======== GIVEN DATA ========

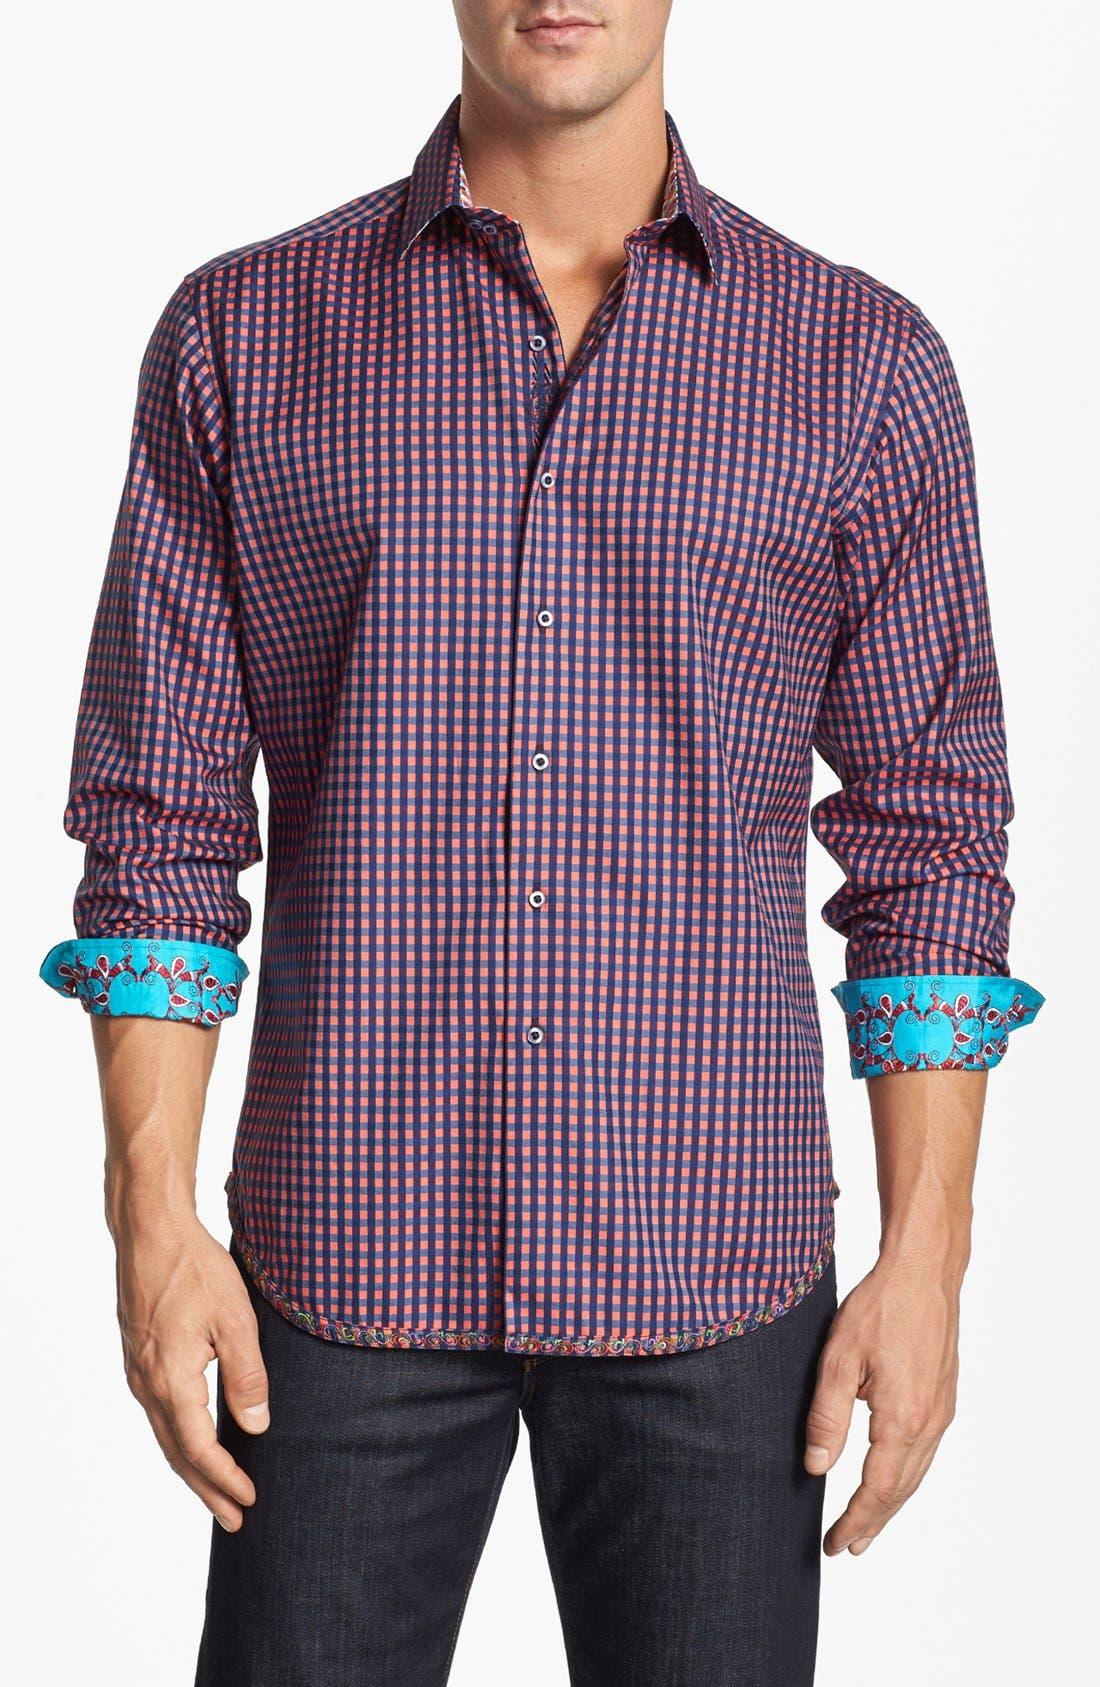 Alternate Image 1 Selected - Robert Graham 'Garrison' Regular Fit Sport Shirt
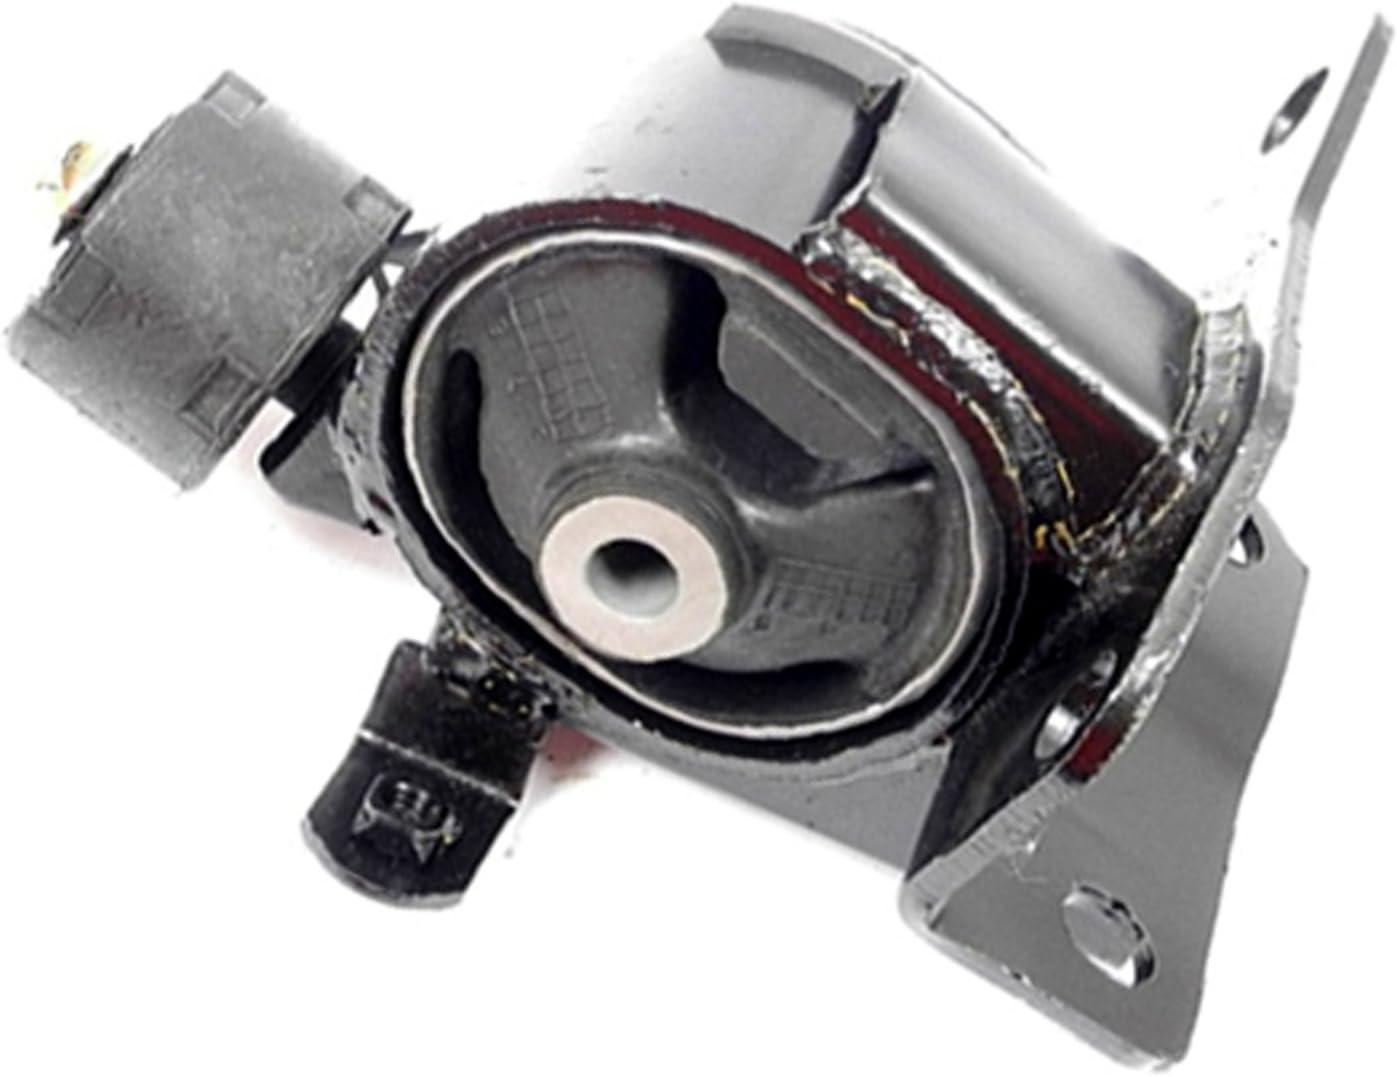 MotorKing For 2003-2008 Toyota Corolla Matrix 1.8 Engine Motor Mount Rear MK4220
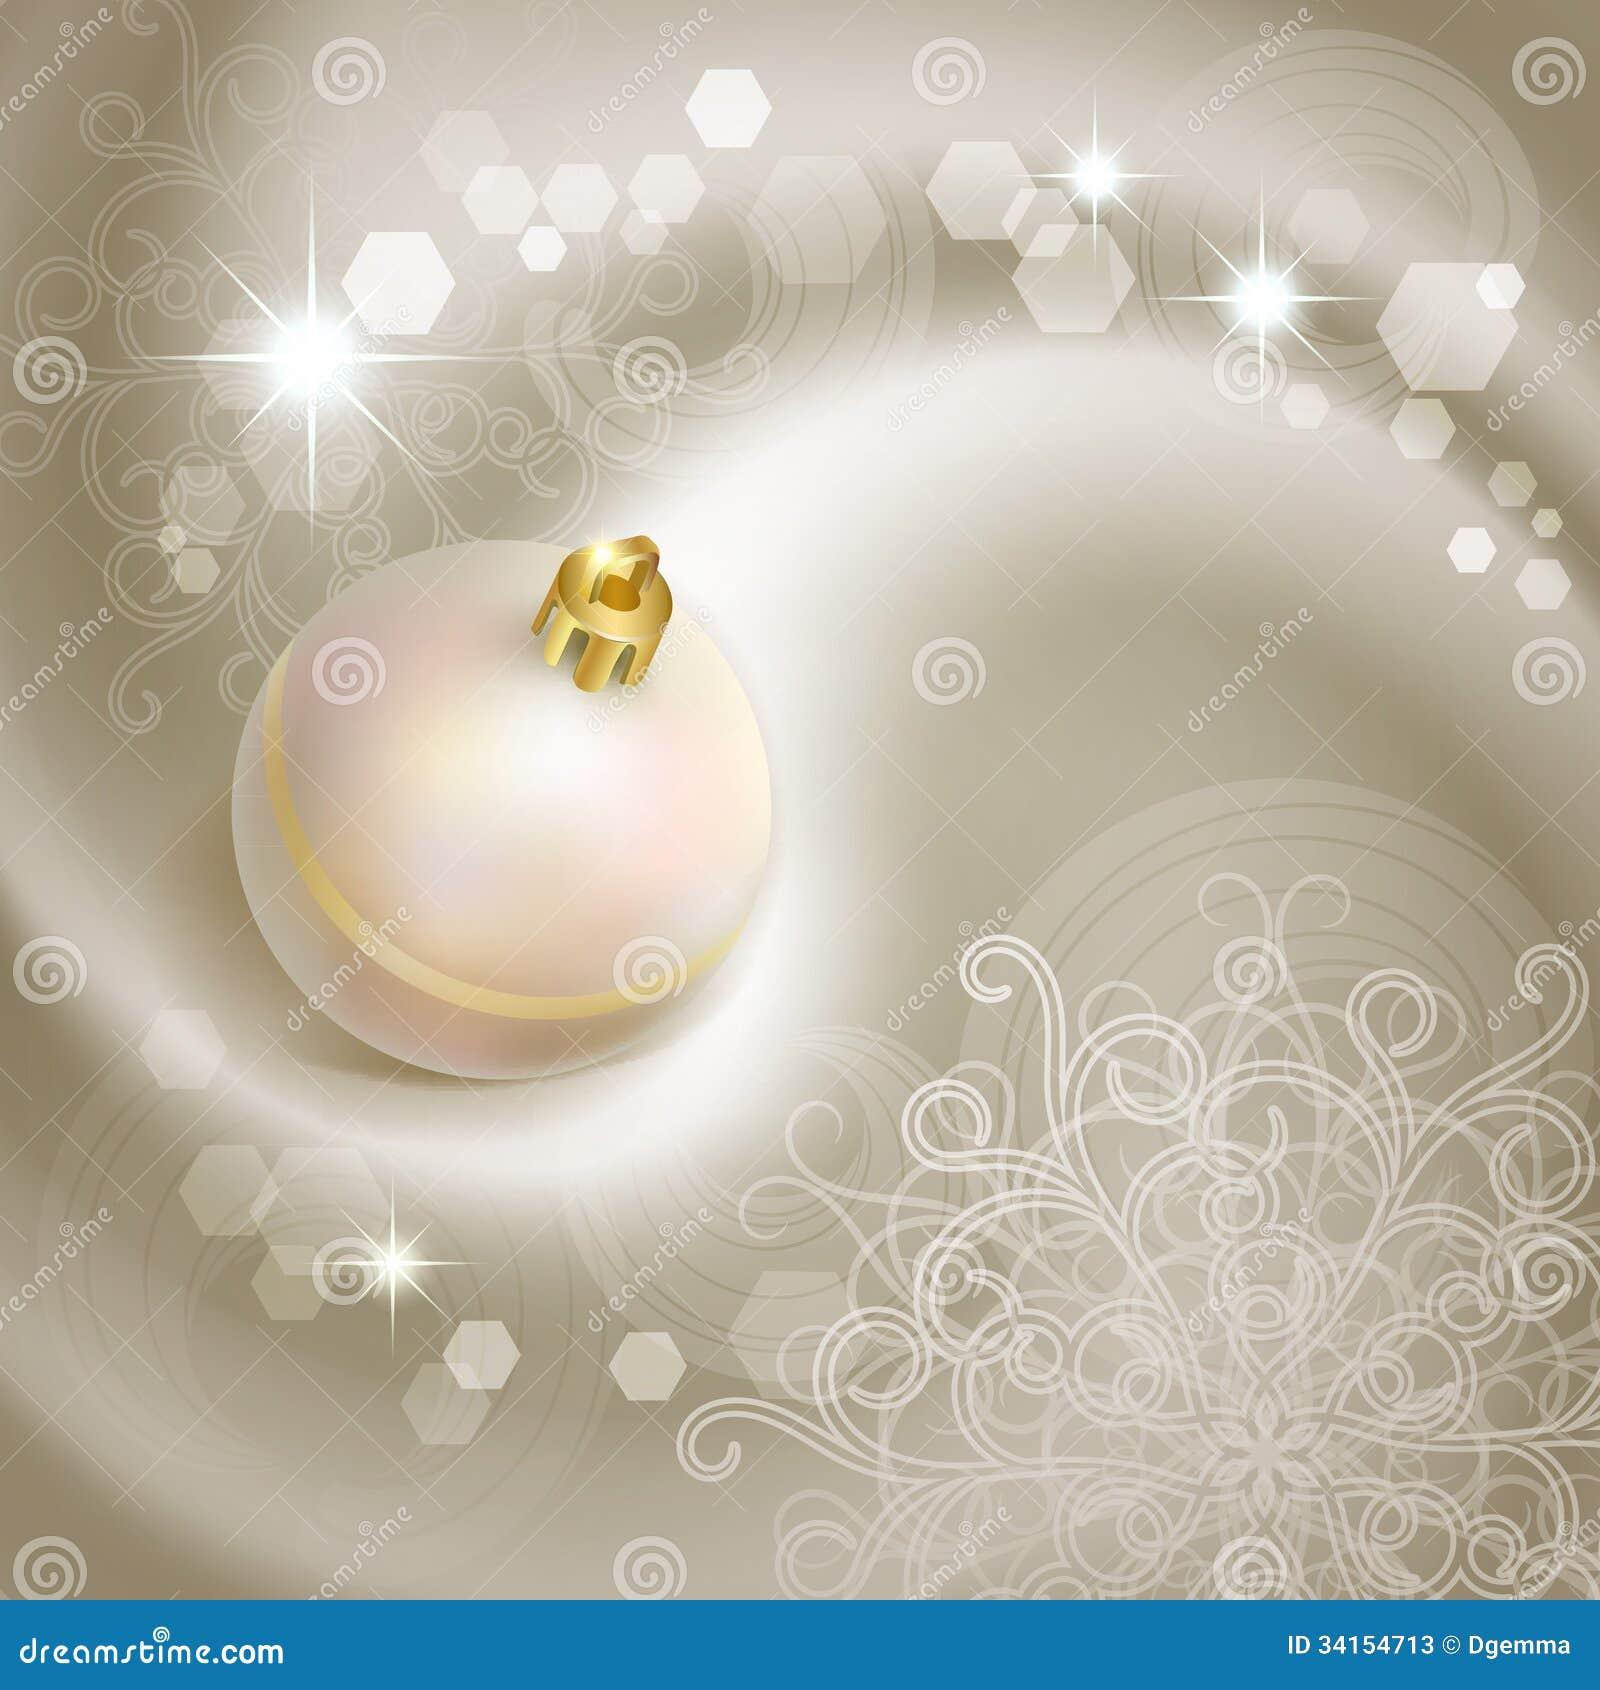 Elegant christmas tree decor - Christmas Background Stock Photos Image 34154713

========

> **THE PROBLEM**
Return the listing above word for word, with the pictures removed.

> **FINISHED EXERCISE**
 Alternate Image 1 Selected - Robert Graham 'Garrison' Regular Fit Sport Shirt
 MotorKing For 2003-2008 Toyota Corolla Matrix 1.8 Engine Motor Mount Rear MK4220
 Elegant christmas tree decor - Christmas Background Stock Photos Image 34154713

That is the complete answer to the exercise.